• **Exercise brief**
Give again, word for word, the lines below that run from the line with "可以开通的两家:bangkok bank曼谷银行kasikorn bank 盘古银行手续" through the line with "Ottwn PU крокодиловая". Drop the pictures.

• **Record extracts**
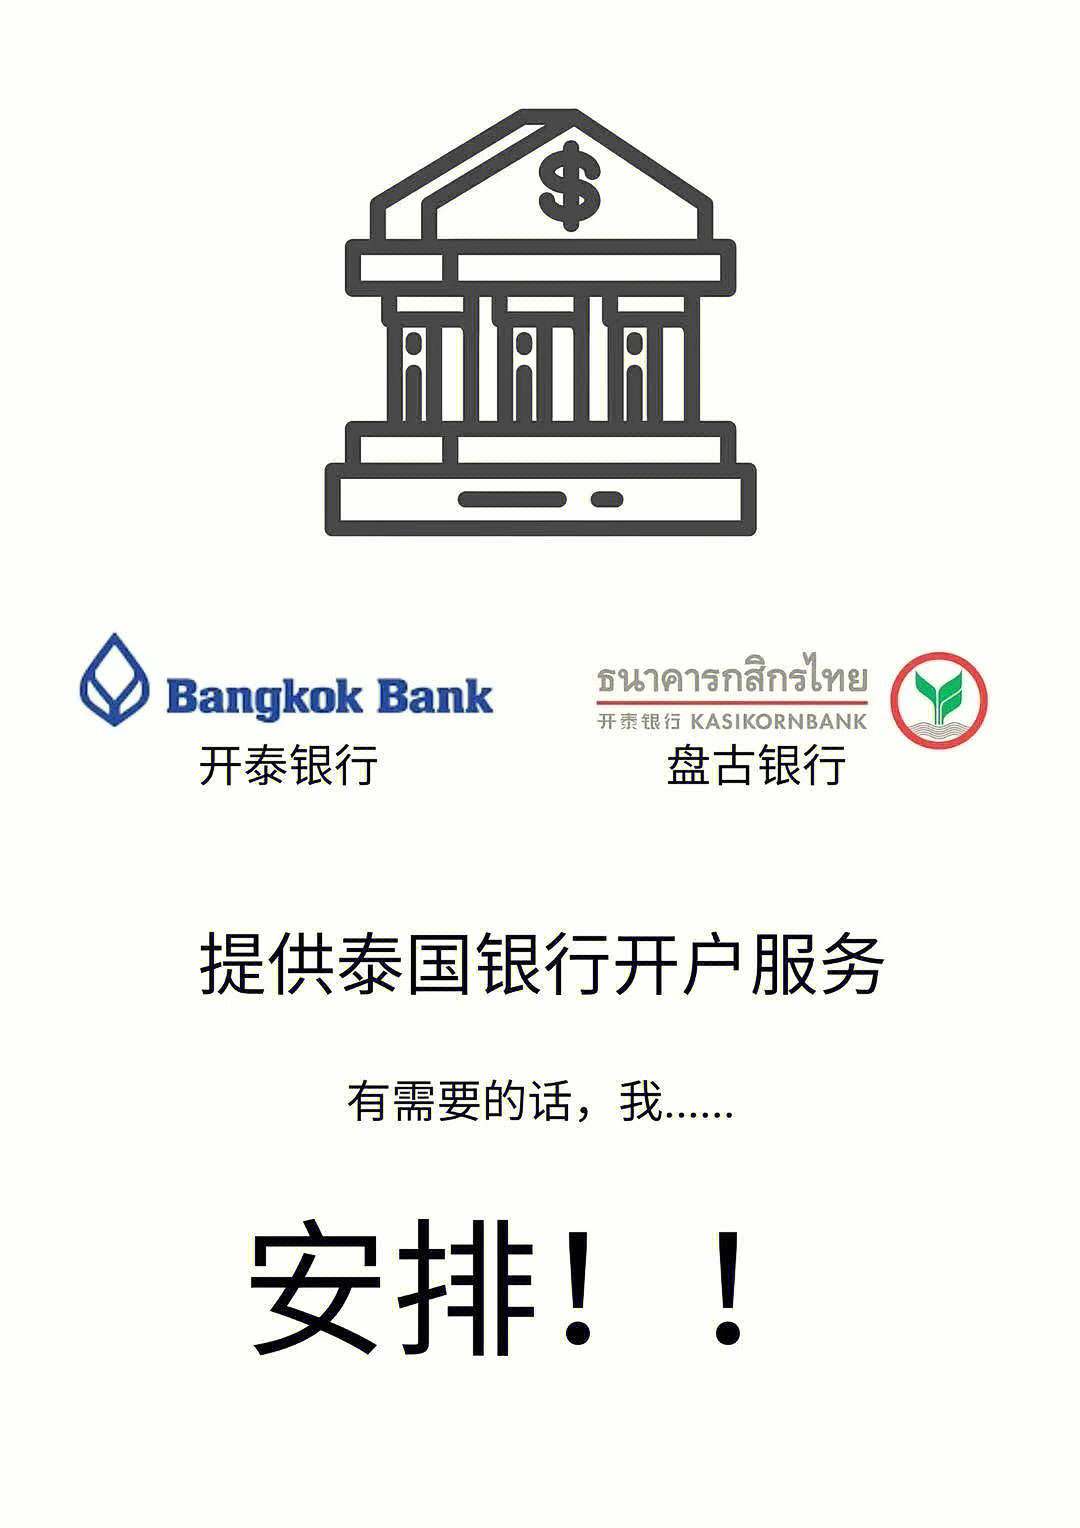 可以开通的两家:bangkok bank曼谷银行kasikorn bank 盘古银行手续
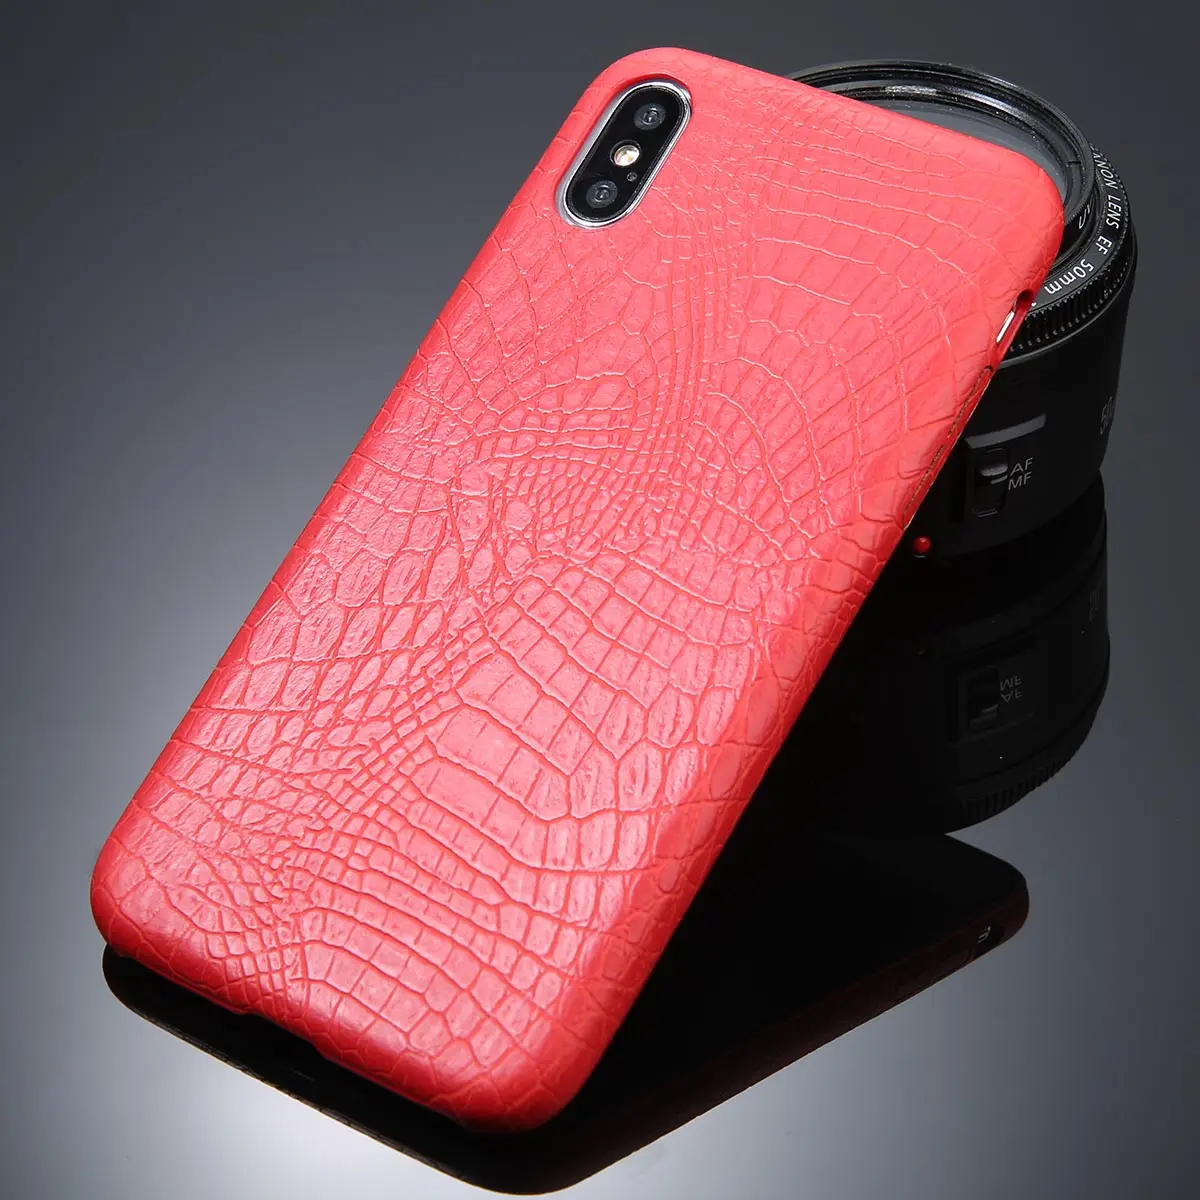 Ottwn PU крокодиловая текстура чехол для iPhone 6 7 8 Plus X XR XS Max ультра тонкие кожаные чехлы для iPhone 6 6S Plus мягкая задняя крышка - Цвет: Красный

...

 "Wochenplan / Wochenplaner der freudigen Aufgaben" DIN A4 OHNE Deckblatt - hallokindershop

• **Response area**
 可以开通的两家:bangkok bank曼谷银行kasikorn bank 盘古银行手续
 Ottwn PU крокодиловая текстура чехол для iPhone 6 7 8 Plus X XR XS Max ультра тонкие кожаные чехлы для iPhone 6 6S Plus мягкая задняя крышка - Цвет: Красный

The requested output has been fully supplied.